Optimising number of queries within a DRF ModelSerializer

Within Django Rest Framework's serialiser it is possible to add more data to the serialised object than in the original Model.
This is useful for when calculating statistical information, on the server-side, and adding this extra information when responding to an API call.
As I understand, adding extra data is done using a SerializerMethodField, where each field is implemented by a get_... function.
However, if you have a number of these SerializerMethodFields, each one can be querying the Model/database separately, for what might be essentially the same data.
Is it possible to query the database once, store the list/result as a data member of the ModelSerializer object, and use the result of the queryset in many functions?
Here's a very simple example, just for illustration:
############## Model
class Employee(Model):
SALARY_TYPE_CHOICES = (('HR', 'Hourly Rate'), ('YR', 'Annual Salary'))
salary_type = CharField(max_length=2, choices=SALARY_TYPE_CHOICES, blank=False)
salary = PositiveIntegerField(blank=True, null=True, default=0)
company = ForeignKey(Company, related_name='employees')
class Company(Model):
name = CharField(verbose_name='company name', max_length=100)
############## View
class CompanyView(RetrieveAPIView):
queryset = Company.objects.all()
lookup_field='id'
serializer_class = CompanySerialiser
class CompanyListView(ListAPIView):
queryset = Company.objects.all()
serializer_class = CompanySerialiser
############## Serializer
class CompanySerialiser(ModelSerializer):
number_employees = SerializerMethodField()
total_salaries_estimate = SerializerMethodField()
class Meta:
model = Company
fields = ['id', 'name',
'number_employees',
'total_salaries_estimate',
]
def get_number_employees(self, obj):
return obj.employees.count()
def get_total_salaries_estimate(self, obj):
employee_list = obj.employees.all()
salaries_estimate = 0
HOURS_PER_YEAR = 8*200 # 8hrs/day, 200days/year
for empl in employee_list:
if empl.salary_type == 'YR':
salaries_estimate += empl.salary
elif empl.salary_type == 'HR':
salaries_estimate += empl.salary * HOURS_PER_YEAR
return salaries_estimate
The Serialiser can be optimised to:
use an object data member to store the result from the query set,
only retrieve the queryset once,
re-use the result of the queryset for all extra information provided in SerializerMethodFields.
Example:
class CompanySerialiser(ModelSerializer):
def __init__(self, *args, **kwargs):
super(CompanySerialiser, self).__init__(*args, **kwargs)
self.employee_list = None
number_employees = SerializerMethodField()
total_salaries_estimate = SerializerMethodField()
class Meta:
model = Company
fields = ['id', 'name',
'number_employees',
'total_salaries_estimate',
]
def _populate_employee_list(self, obj):
if not self.employee_list: # Query the database only once.
self.employee_list = obj.employees.all()
def get_number_employees(self, obj):
self._populate_employee_list(obj)
return len(self.employee_list)
def get_total_salaries_estimate(self, obj):
self._populate_employee_list(obj)
salaries_estimate = 0
HOURS_PER_YEAR = 8*200 # 8hrs/day, 200days/year
for empl in self.employee_list:
if empl.salary_type == 'YR':
salaries_estimate += empl.salary
elif empl.salary_type == 'HR':
salaries_estimate += empl.salary * HOURS_PER_YEAR
return salaries_estimate
This works for the single retrieve CompanyView. And, in fact saves one query/context-switch/round-trip to the database; I've eliminated the "count" query.
However, it does not work for the list view CompanyListView, because it seems that the serialiser object is created once and reused for each Company. So, only the first Company's list of employees is stored in the objects "self.employee_list" data member, and thus, all other companies erroneously get given the data from the first company.
Is there a best practice solution to this type of problem? Or am I just wrong to use the ListAPIView, and if so, is there an alternative?

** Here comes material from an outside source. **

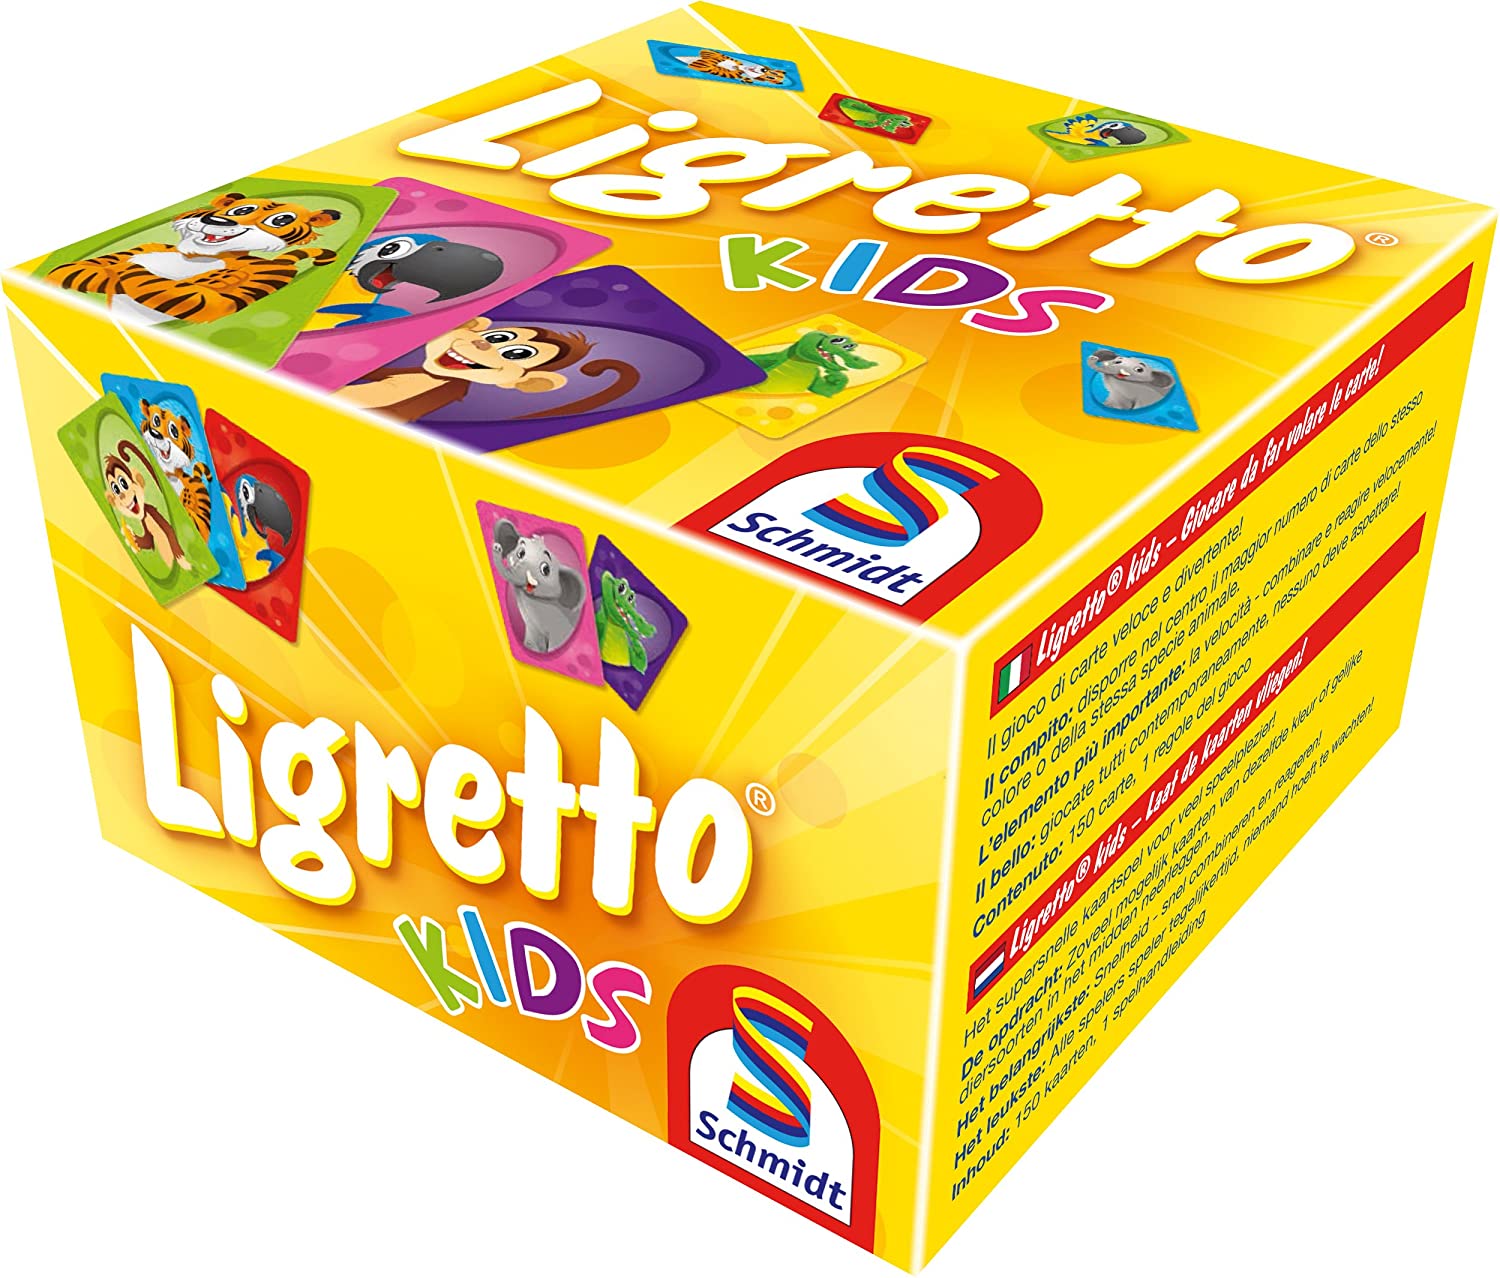 Schrijfmachine tijdschrift flauw Schmidt Spiele 01403 Ligretto Kids Card Game – TopToy

I think this issue can be solved if you can pass the queryset to the CompanySerialiser with data already fetched.
You can do the following changes
class CompanyListView(ListAPIView):
queryset = Company.objects.all().prefetch_related('employee_set')
serializer_class = CompanySerialiser`
And instead of count use len function because count does the query again.
class CompanySerialiser(ModelSerializer):
number_employees = SerializerMethodField()
total_salaries_estimate = SerializerMethodField()
class Meta:
model = Company
fields = ['id', 'name',
'number_employees',
'total_salaries_estimate',
]
def get_number_employees(self, obj):
return len(obj.employees.all())
def get_total_salaries_estimate(self, obj):
employee_list = obj.employees.all()
salaries_estimate = 0
HOURS_PER_YEAR = 8*200 # 8hrs/day, 200days/year
for empl in employee_list:
if empl.salary_type == 'YR':
salaries_estimate += empl.salary
elif empl.salary_type == 'HR':
salaries_estimate += empl.salary * HOURS_PER_YEAR
return salaries_estimate
Since the data is prefetched, serializer will not do any additional query for all. But make sure you are not doing any kind of filter because another query will execute in that case.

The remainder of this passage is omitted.